▶ [Required action]
The lines below from the one with "SKX VANTAGE PULLOVER, BBBBLACK" up to and including the one with "Lot 1709 - A" are what you should set down, exactly and without pictures.

▶ [Exercise materials]

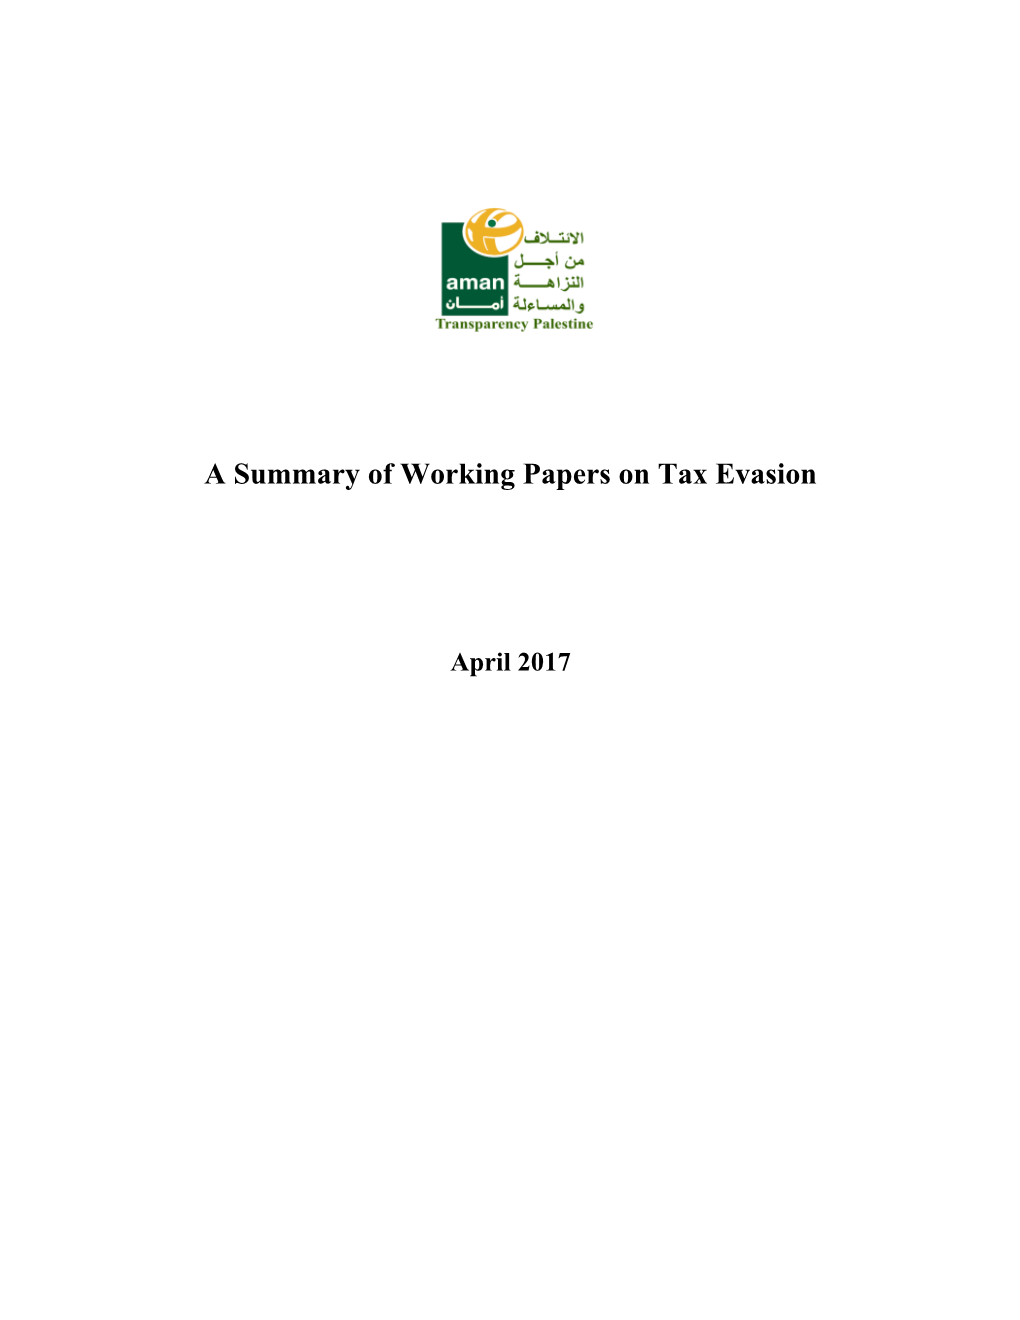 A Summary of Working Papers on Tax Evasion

* * *

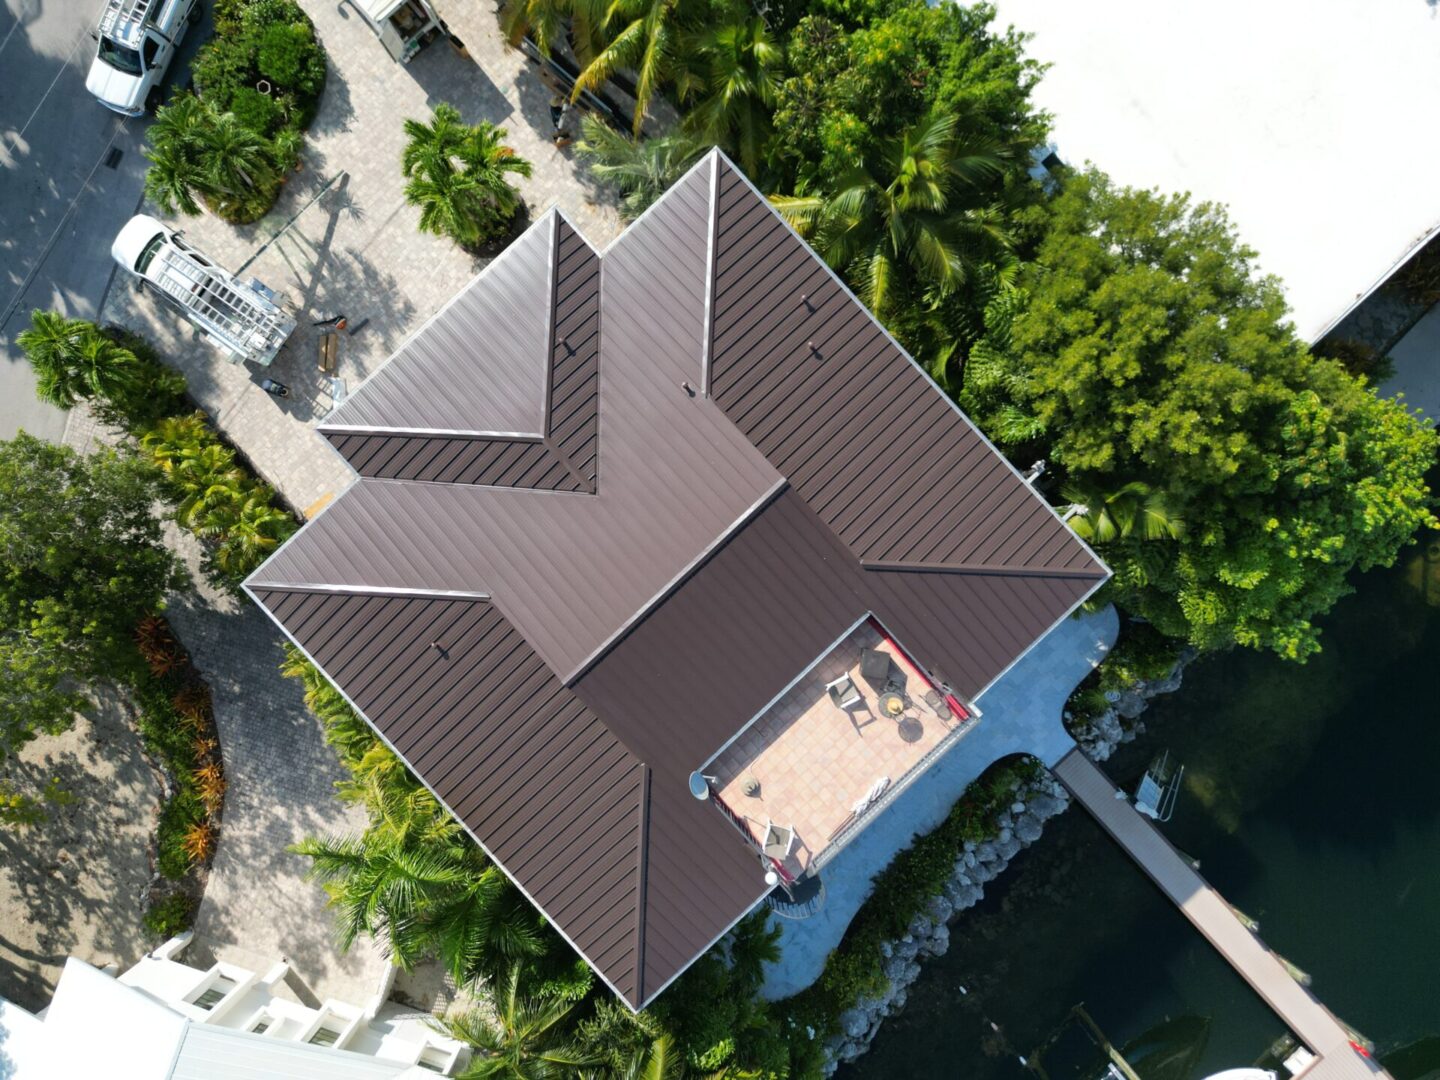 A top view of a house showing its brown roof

==

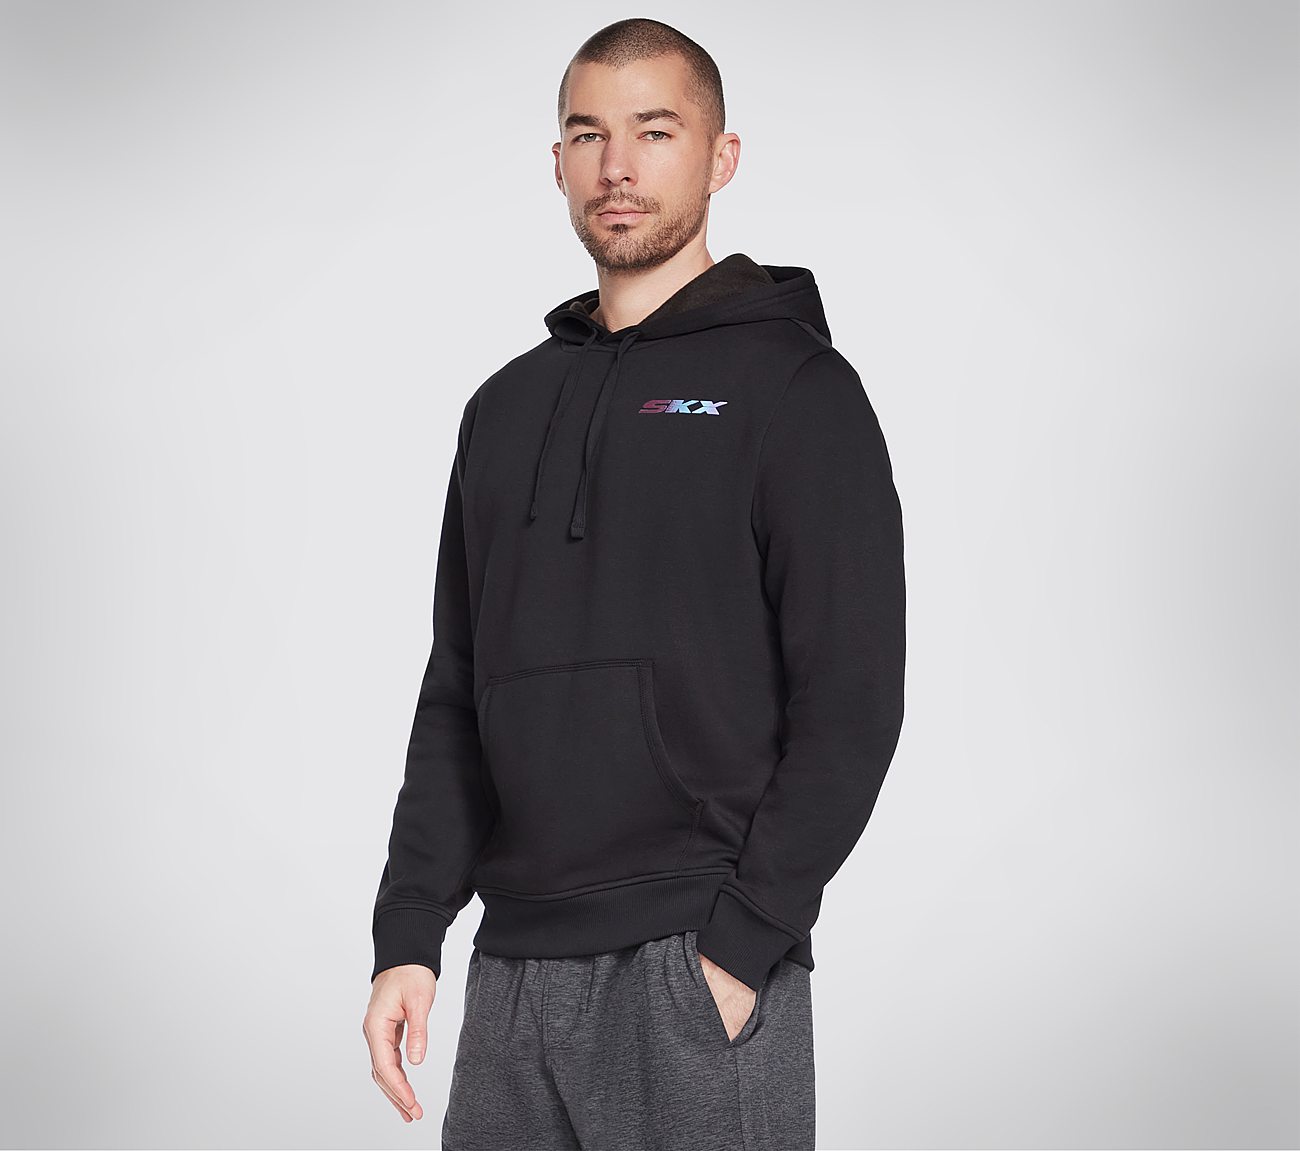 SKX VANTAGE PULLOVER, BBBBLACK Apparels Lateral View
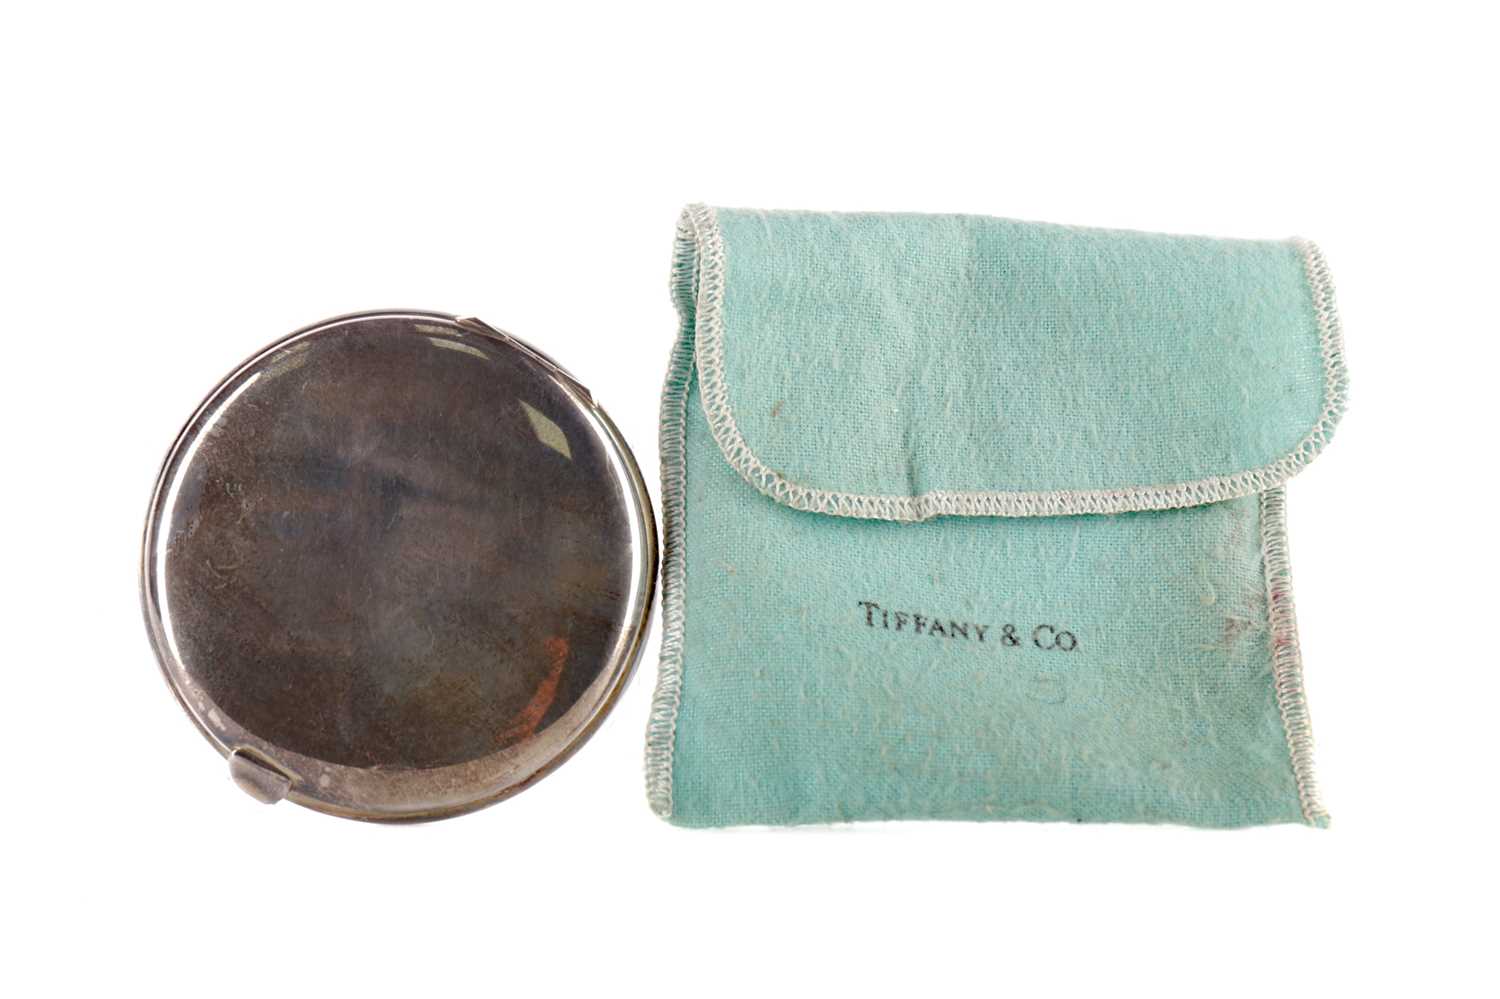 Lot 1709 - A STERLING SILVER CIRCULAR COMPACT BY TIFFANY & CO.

▶ [Answer space]
 SKX VANTAGE PULLOVER, BBBBLACK Apparels Lateral View
 Lot 1709 - A STERLING SILVER CIRCULAR COMPACT BY TIFFANY & CO.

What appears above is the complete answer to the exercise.